Cari açığa şaşı bakış

Çetin Ünsalan Yazar ulusalkanaliletisim@gmail.com

Maliye Bakanı Mehmet Şimşek Antalya’da bir panelde konuştu ve öyle bir söz söyledi ki ‘eyvah eyvah’ dedirtti. Şimşek Türkiye’nin ilk defa çok yüksek bir cari açık problemini krize dönüştürmeden çözdüğünü söyledi. Şimdi bunu neresinden tutacaksınız?

Birincisi Türkiye kendi hükümetleri dışında, Cumhuriyet tarihi boyunca hiçbir zaman böylesine kronik, tehlikeli ve yüksek cari açıkla karşı karşıya kalmadı. İkincisi cari açık yüksek iken ekonomik büyümenin bir gereği ve kaçınılmaz olup, rakamsal bazda düşüşe geçince nasıl bir başarı haline geliyor?

Üçüncüsü cari açık problemi çözülmedi ki… Sadece rakamsal bir düşüş yaşanıyor ve bu da ne yazık ki ihracatın ve ona bağlı ithalatın ivme kaybetmesinden kaynaklanıyor. Yani iki gün sonra yine reel ihracat yapabilecek pazarlar bulsak ve mal satmaya kalksak cari açık patlayacak.

Fakat hokus pokus tadında ekonomi yönetmenin ve göz boyamanın dışında bir şeyden anlamayanlar, yapısal hiçbir problemi çözmeden bunu halka yutturmaya kalkıyorlar. Daha acısı bu ülkenin Maliye Bakanı, en kronik sorunlarımızdan birine şaşı bakıyor.

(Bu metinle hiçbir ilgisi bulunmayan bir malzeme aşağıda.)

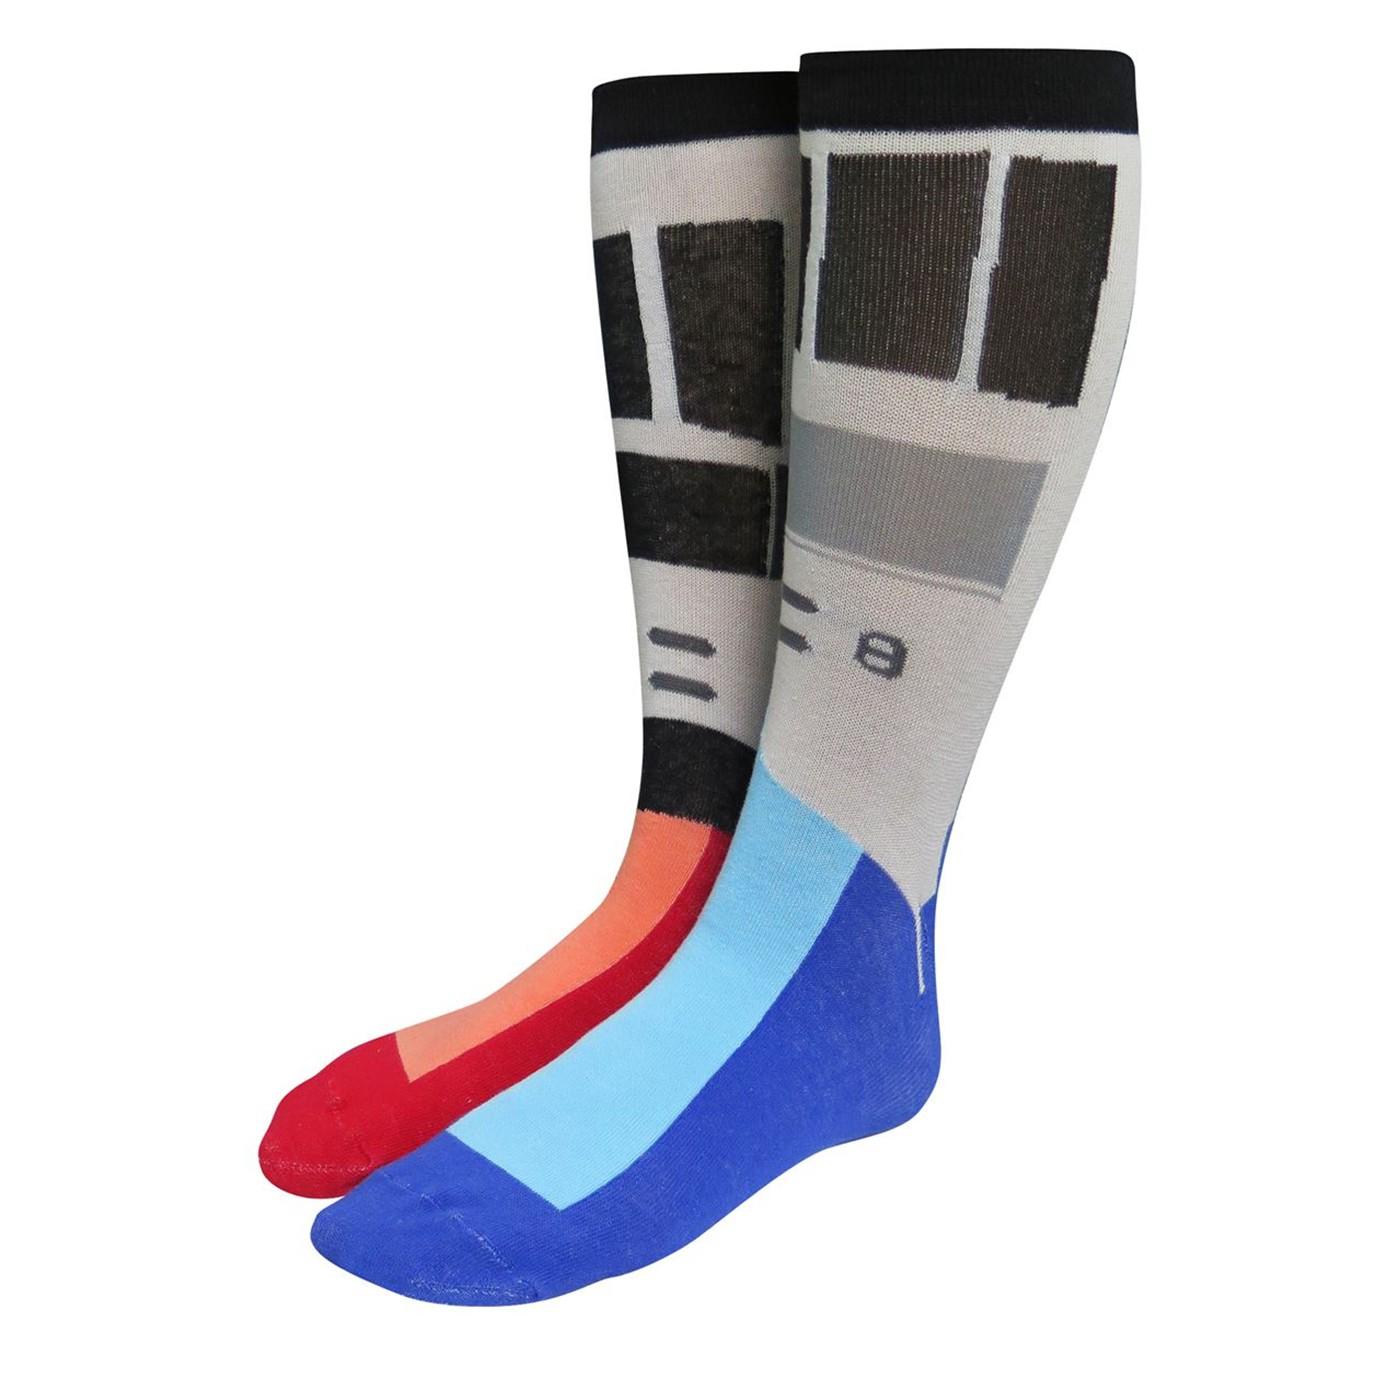 Star Wars Lightsabers Crew Socks

Bu ülkede katma değerli üretim yapılamazsa, enerjiye salt ithalat ya da üretim olarak yaklaşılırsa, yani verimlilik konuşulmazsa, milli tasarruflarla milli finansman yaratılamazsa, toplam ihracat rakamının hammadde ithalatının sadece yüzde 77’sini karşıladığı gerçeği değiştirilemezse, kur baskısıyla ihracatçı dövülmekten vazgeçilmezse, ne olursa olsun büyüme hastalığından vazgeçilip, kalkınma esaslı bir büyüme hedeflenmezse cari açık sorunu falan çözülmez.

Bakın Maliye Bakanı Şimşek… Başbakan geçen gün doğru bir şey yaptı. Yerli ilaçtan bahsetti ve bu konuda da gerekli bakanlıklar ile kurumların çalışma yapması talimatı verdiği medyaya yansıdı.

Bu noktada Gümrük Birliği anlaşmasıyla engellenen jenerik ilaç problemi, ar-ge’ye kaynak aktarmayan bir zihniyet, dünya ilaç lobisinin de aralarında bulunduğu lobiler tarafından finanse edilen bir ekonomi ve siyaset yapısı ayrıca tartışılabilir. Başbakan’a bu detaylar verildi mi bilmiyorum.

Fakat bakış açısı da, çalışılması için talimat verilen konu da son derece doğrudur. Bakan Şimşek bu işe ne der meçhul. Çünkü 2007 senesinde New York’ta bir konuşmasında ‘Türkiye’de küreselcilerle ulusalcıların savaşının yaşandığını belirtip, kendisinin de küreselci olduğunun altını çizmişti.” Şimdi Başbakan’ın yaptığı milli ilaç işi ulusalcı bir yaklaşım... Ne diyecek açıkçası merak ediyorum.

Yani ulusal bir tavır sergilendi. Ne olacak şimdi? Elbette göstermelik değilse… Zira Başbakan bunu söyleyerek bir adım attı. Yandaş basın bunu iki gün şakşaklayıp, Başbakan bir daha zikredene kadar unutur. Ama unutmayıp, takip edenler çıkar. Yani iş söylemekle bitmiyor. Doğru yolda giderse de, tebrik edilir.

Fakat dönersek başa Maliye Bakanı Şimşek, aç kulaklarını da iyi dinle. Beni değil, Başbakan’ını... Cari açık, bu tür yapısal dönüşümler gerçekleşmeden sorun olmaktan çıkmaz. Ya dinle ve öğren ya da bilmiyorsan sus.